Les initiatives soutenues Les initiatives présentées dans le cadre de cet appel à manifestation d’intérêt porteront sur des actions de modernisation d’un outil/process de production, et notamment : • l’automatisation : robotique/cobotique, lignes "intelligentes",

• l’organisation industrielle : gestion des flux et de la supply chain, qualité, traçabilité, • l’optimisation des consommations de matières et de fluides, dont l’énergie, • les procédés avancés de production : fabrication additive, technologies d’usinage et d’assemblage, traitements de surfaces et thermiques avancés, contrôle non destructif, mise en oeuvre des matériaux composites, métrologie en ligne, • la numérisation : technologies immersives (réalité virtuelle et augmentée), digitalisation 3D, gestion des données (block chain, big data), intelligence artificielle, Internet des objets, • la qualité produit : sécurité process/ produit, fiabilité, reproductibilité, augmentation des fonctionnalités, • l’opérateur du futur : adaptation des compétences, environnement et ergonomie de travail, réduction de la pénibilité.

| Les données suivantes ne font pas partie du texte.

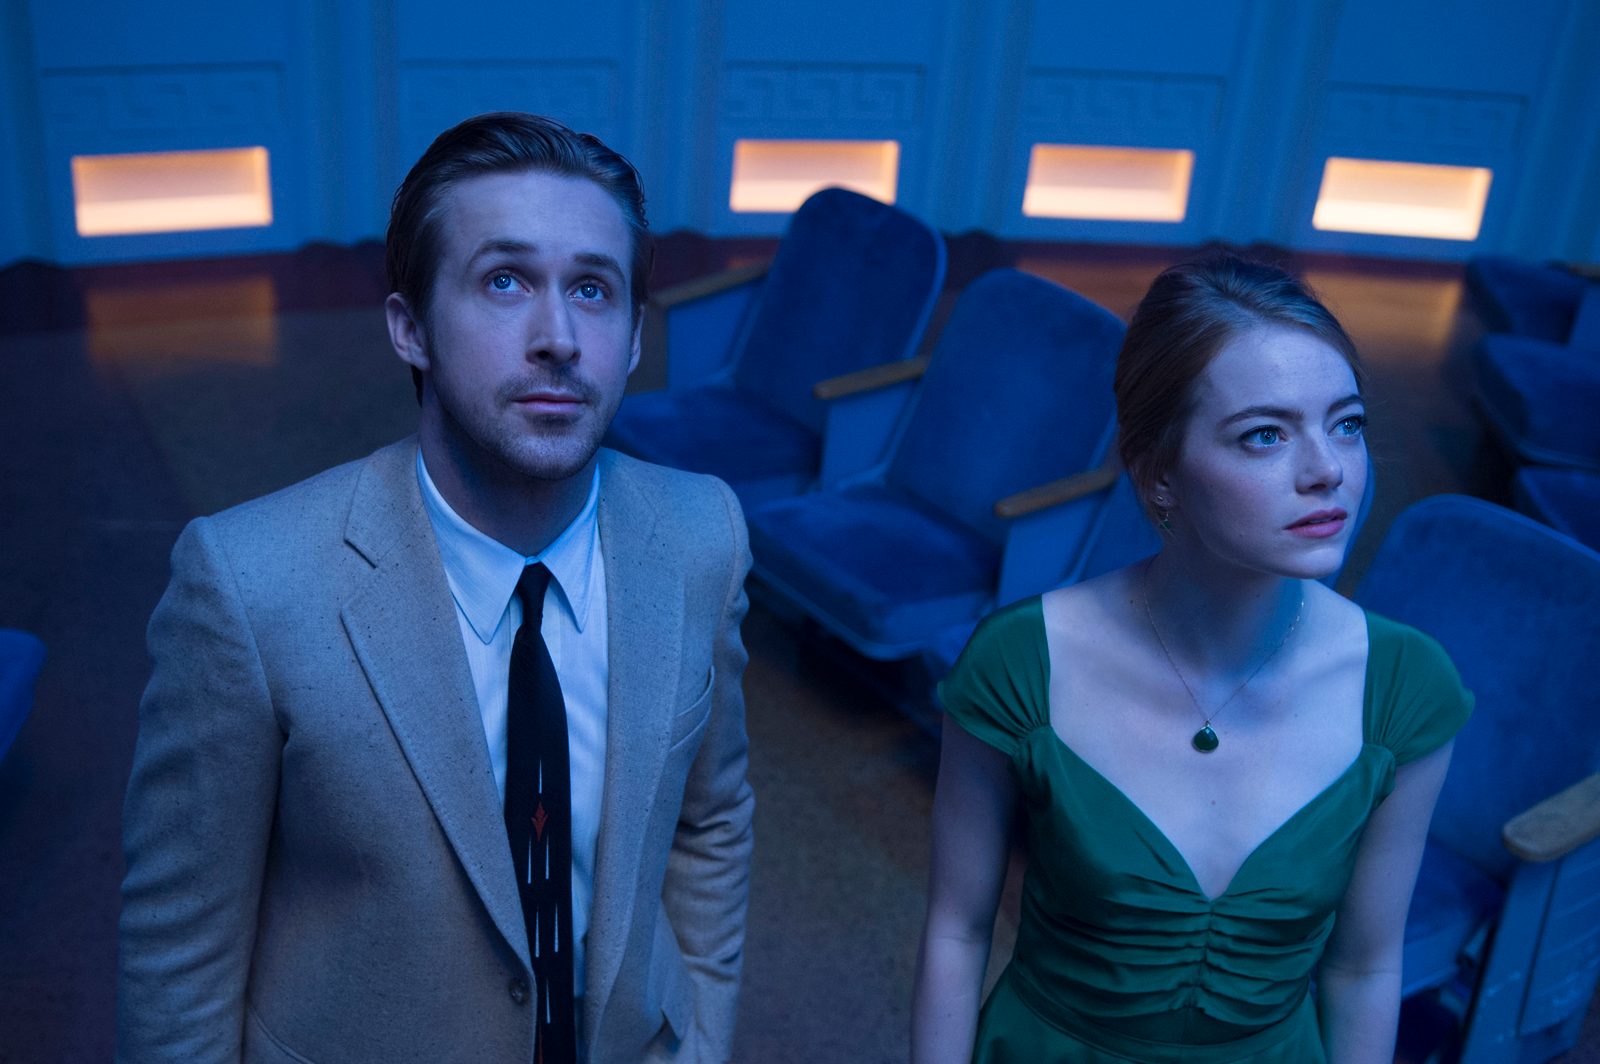 ‘La La Land’ ties record with 14 Oscar nominations
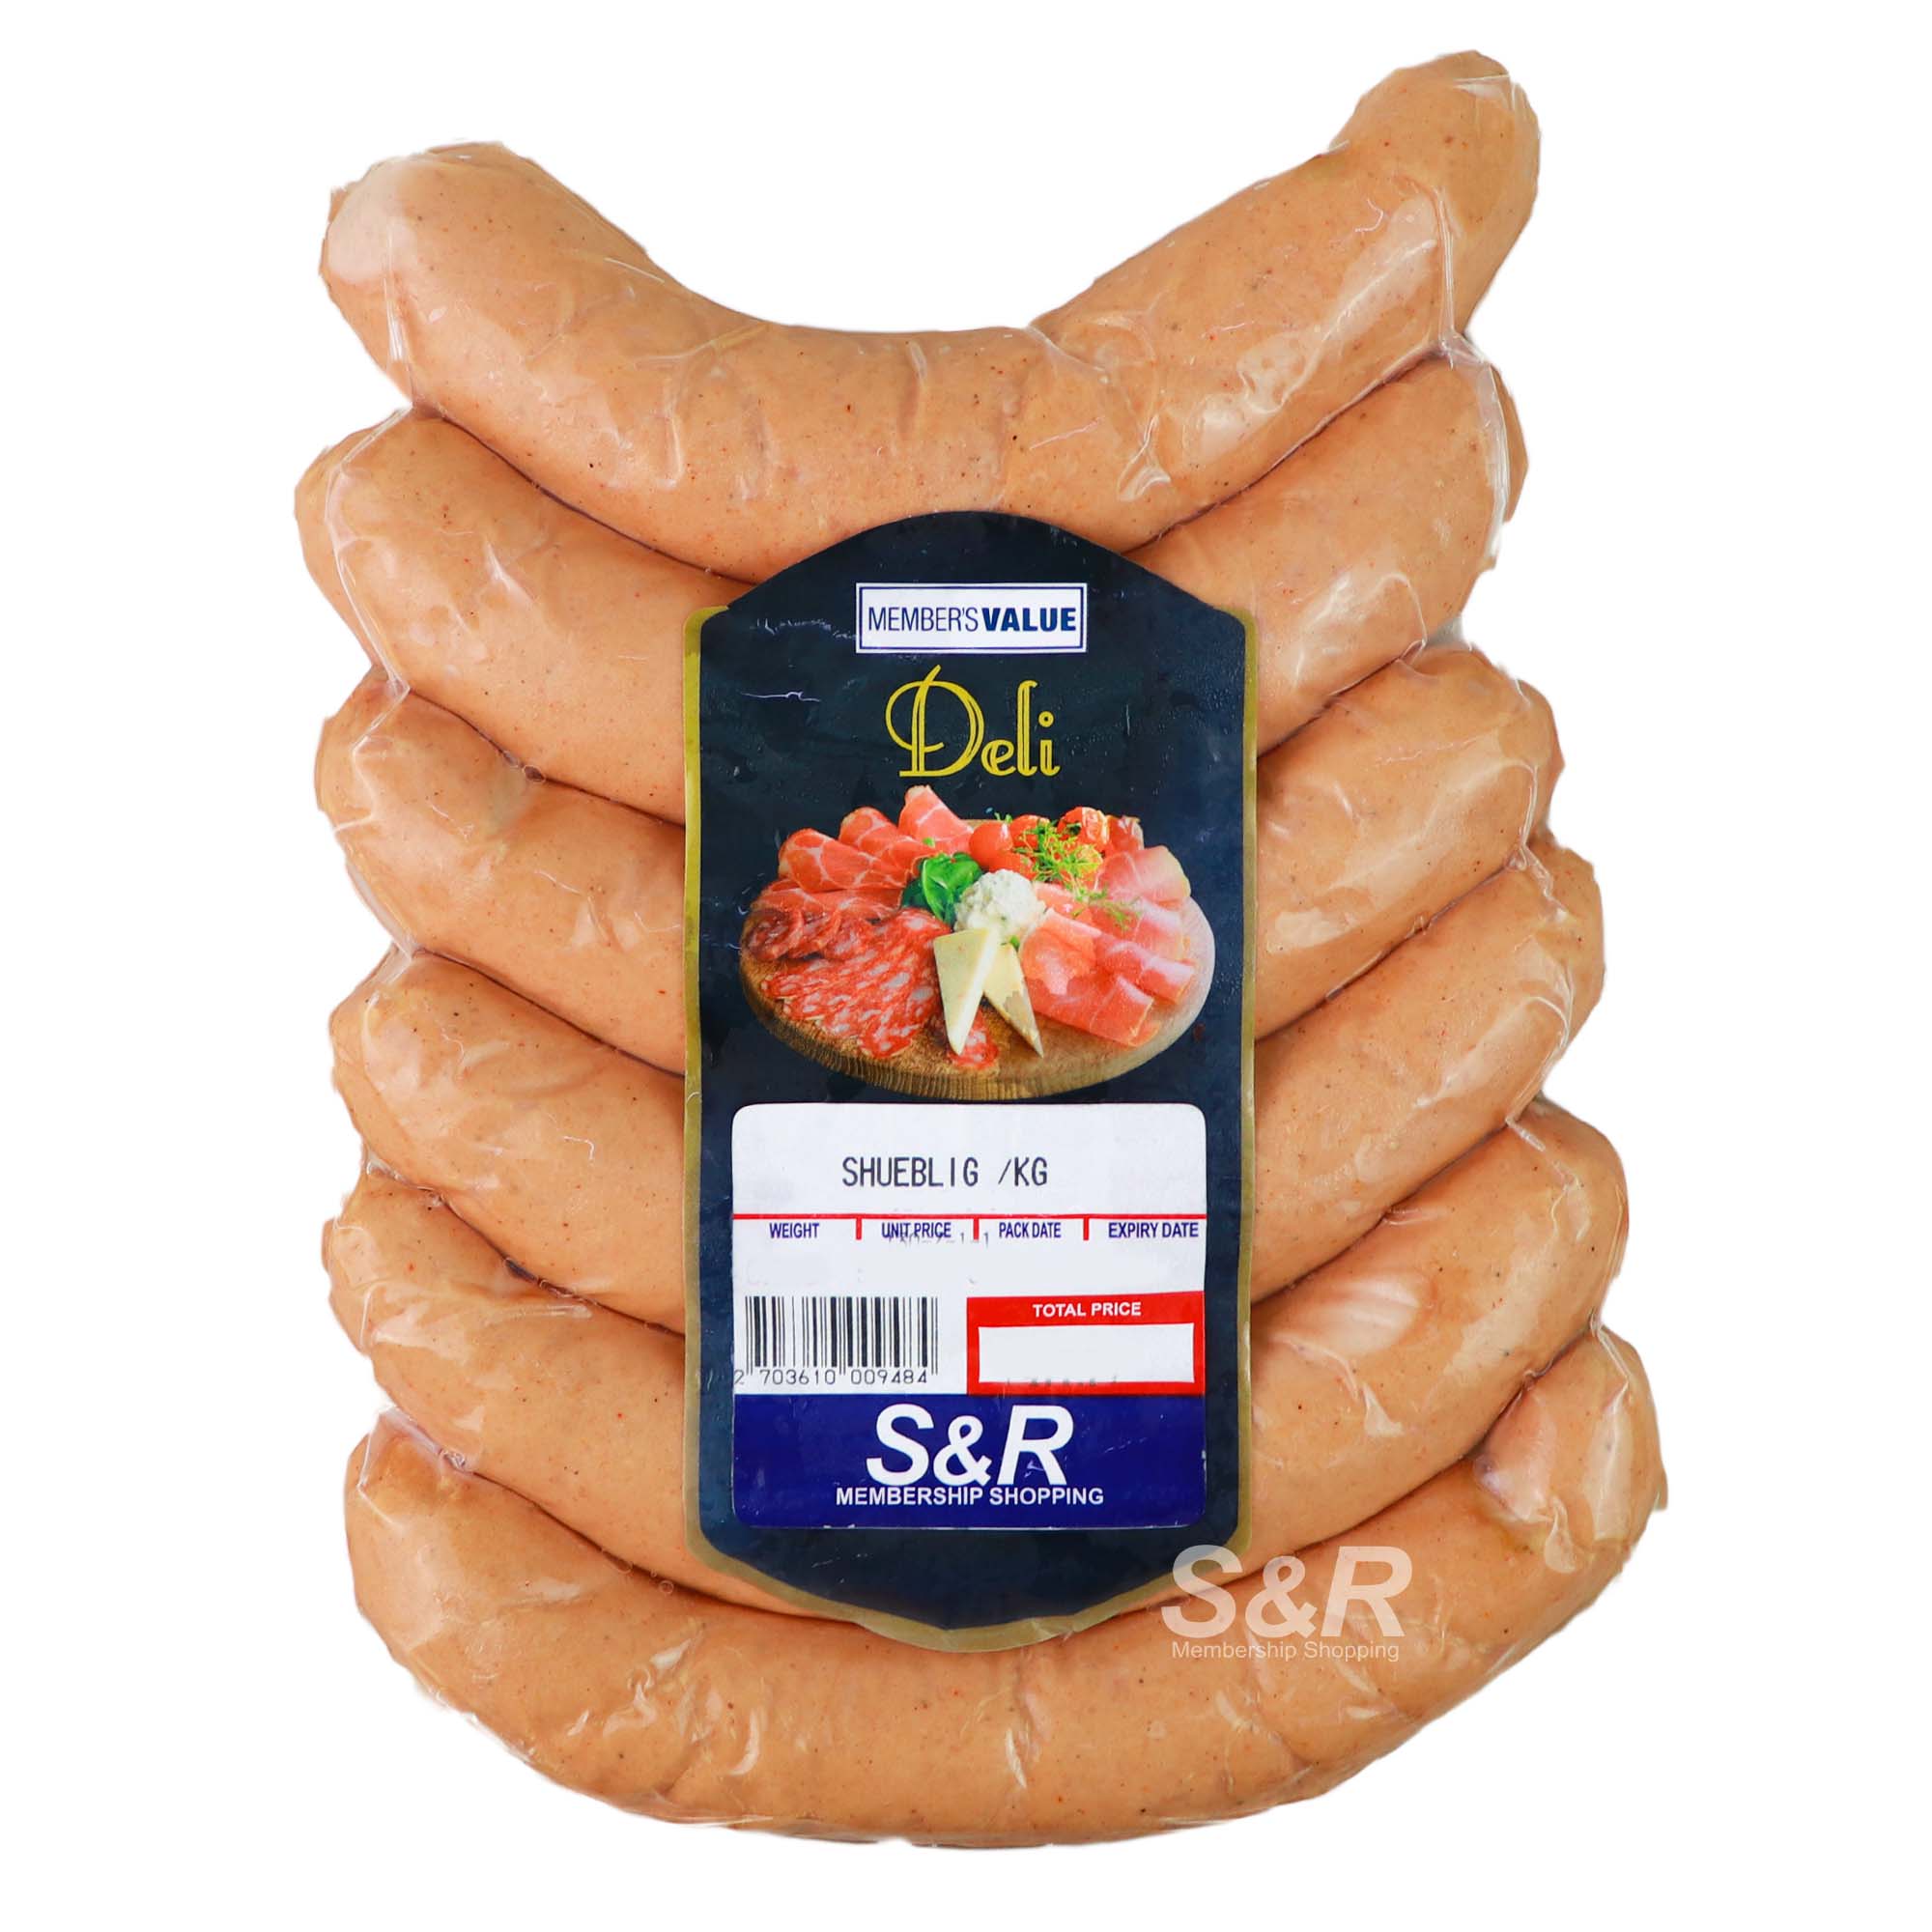 Member's Value Deli Schublig Sausages approx. 1kg

L’appel à manifestation d’intérêt "Industrie du futur" est ouvert chaque année : du 1er février au 30 avril, du 1er juin au 31 août et du 1er octobre au 31 décembre. Les dossiers déposés seront instruits au fur et à mesure de leur réception par les services de la Région avec le concours de l’expertise portée par le collectif Pays de la Loire Industrie du futur. Les entreprises retenues dans le cadre de l’AMI bénéficieront d’un ensemble de solutions de financement adaptées aux phases de concrétisation d’un projet de modernisation et d’un accompagnement humain (voir encadré). Le cahier des charges complet et le dossier de candidature sont téléchargeables sur le site de la Région des Pays de la Loire. Plus d'information : www.paysdelaloire.fr  ontact CCI : Richard Otjacques C au 02 43 21 00 34

Les soutiens financiers Volet 1 - Phase de diagnostic Étude de faisabilité (dispositif Pays de la Loire Conseil)

Le soutien régional prend la forme d’une subvention. L’aide maximale n’excède pas 80 % du montant HT des coûts admissibles (dont le seuil plancher est de 4 000 € HT) ; l’aide elle-même est plafonnée à 23 000 €.

Volet 2 - Phase d’intégration et de test

Le soutien régional prend la forme d’une subvention, d’un prêt à taux nul assorti d’un différé d’un an ou d’une combinaison de ces deux formes d’aides. Les coûts admissibles doivent au minimum atteindre 10 000 € HT ; l’aide elle-même est plafonnée à 40 000 € et pourra être complétée par des financements Bpifrance ou un appui du Feder.

Volet 3 - Phase de déploiement opérationnel du projet Pour cette phase, la mobilisation des dispositifs régionaux existants (économie, formation, recherche-innovation, internationalisation), mais aussi de ceux de Bpifrance ou du Feder, permettra de potentiellement proposer une aide significative au porteur de projet, hors effet multiplicateur sur une dette bancaire ou d’autres concours privés. Les dispositifs régionaux d’ingénierie financière (garantie, prêts, fonds propres) seront mis en œuvre dans le cadre des principes énoncés dans le Schéma régional de développement économique, d’innovation et d’internationalisation.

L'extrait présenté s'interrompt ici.